Skinny and red-haired, William Fitch is still recovering from the shock of hearing 485. “Shut up,” he says absently.

Eisner is unoffended. “Lots going on out West,” he says. He has never liked Fitch. “I heard a Jap sub hit Santa Barbara. They could land any day. But there's bodies on the beach at Montauk.”

Fitch swivels his long neck. “Shut up.” His face is pasty.

“They tell you to keep the lights down on Long Island,” Eisner continues. “But no one does. The freighters get backlit and the U-boats just line 'em up. It's a shooting gallery.”

“Shut up,” says Fitch. “Damn you.”

“Don't get sore,” says Eisner cheerily as Fitch storms out. “We're all going. It's just a question of when.”

For another several minutes we sit with only the unknown voice to break the silence: “347. 852.” And then it comes: 129. “That's me,” I say, and as no one seems to notice, I repeat it louder. “That's my number.”

Eisner pats my shoulder, his face somber. “Tough break.”

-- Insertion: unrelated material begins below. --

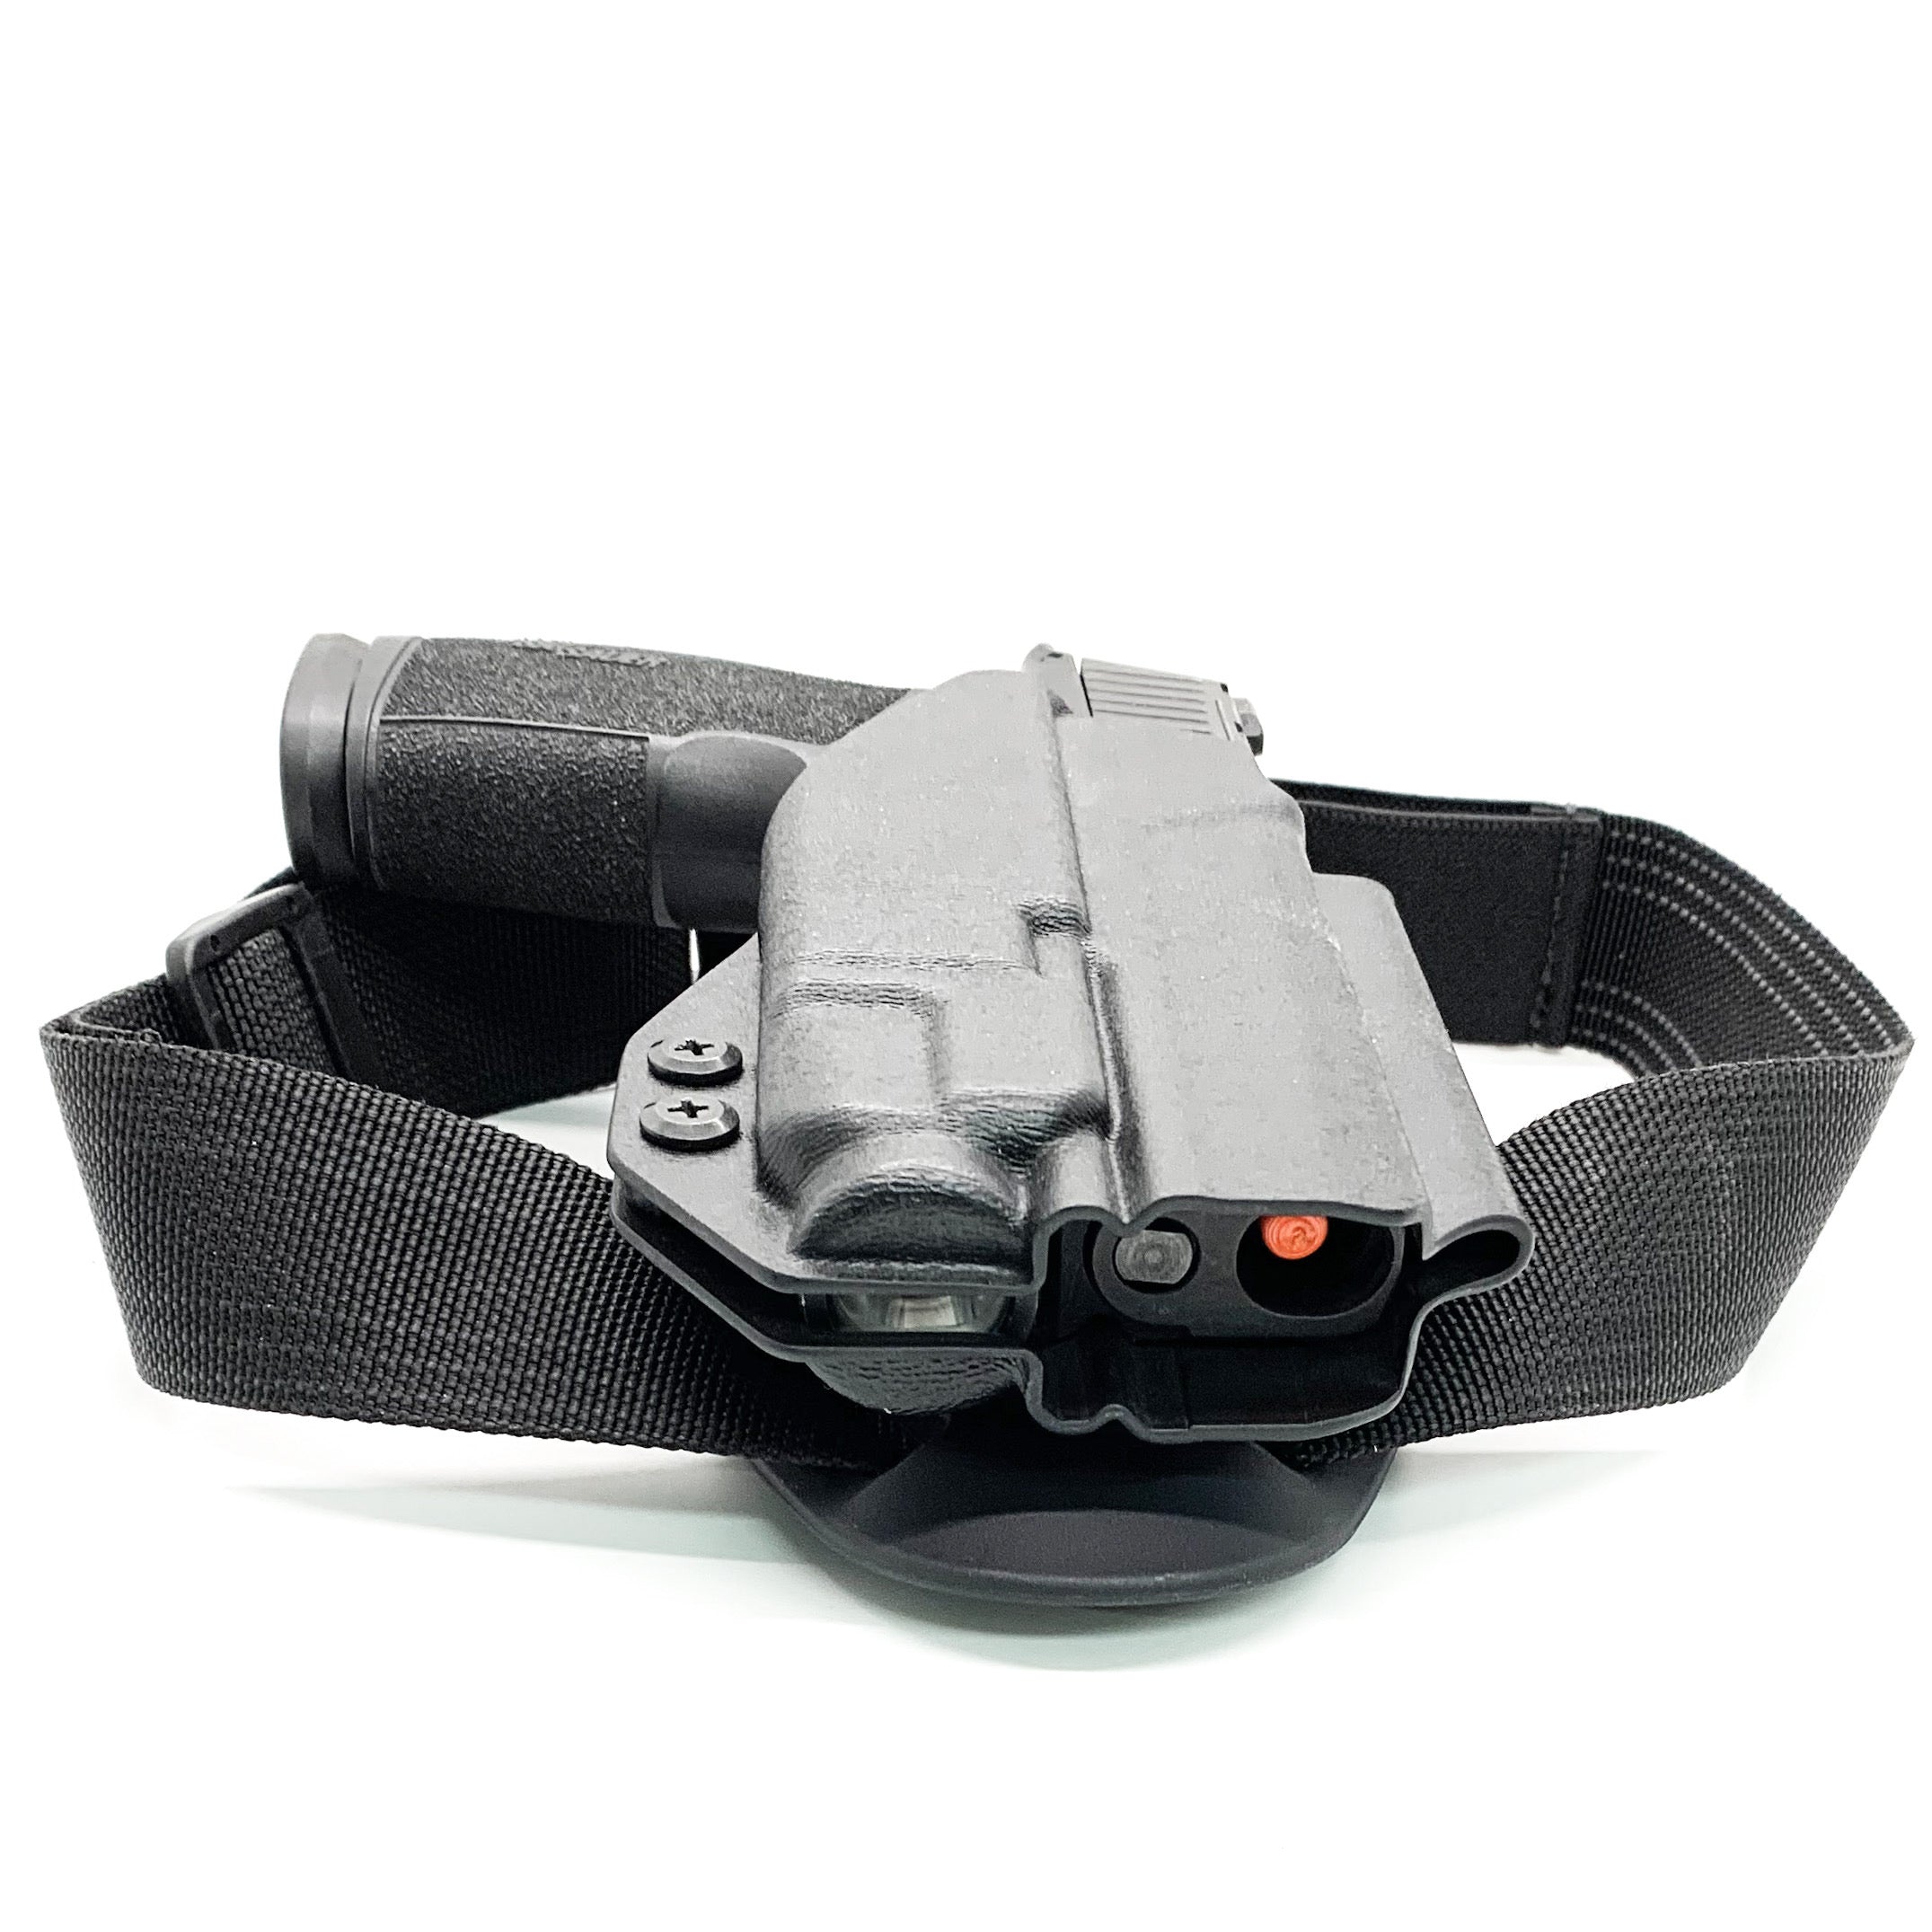 For the best Outside Waistband Duty & Competition Kydex Holster designed for the Sig Sauer P365-XMACRO with Streamlight TLR-7 or TLR7A , shop Four Brothers Holsters.  Full sweat guard, adjustable retention, minimal material & smooth edges to reduce printing, open muzzle, cleared for red dot sights. Made in the USA.

I look down, saying nothing. Eisner suspects I am hiding tears, no doubt, but in truth I am trying not to smile. I did get lucky. Part of me is already hearing Suzanne's voice, already seeing the look on my mother's face. I'm not stupid. I know what war means. Dink Morris left an arm at Belleau Wood and watches each Merion dance with empty eyes. But still, the sentences that parade through my head are marching on light feet. I'm needed. I've been chosen. I am called. It may be west or it may be east, but that makes no difference. I have a direction now; I know where I am headed. I am going to war.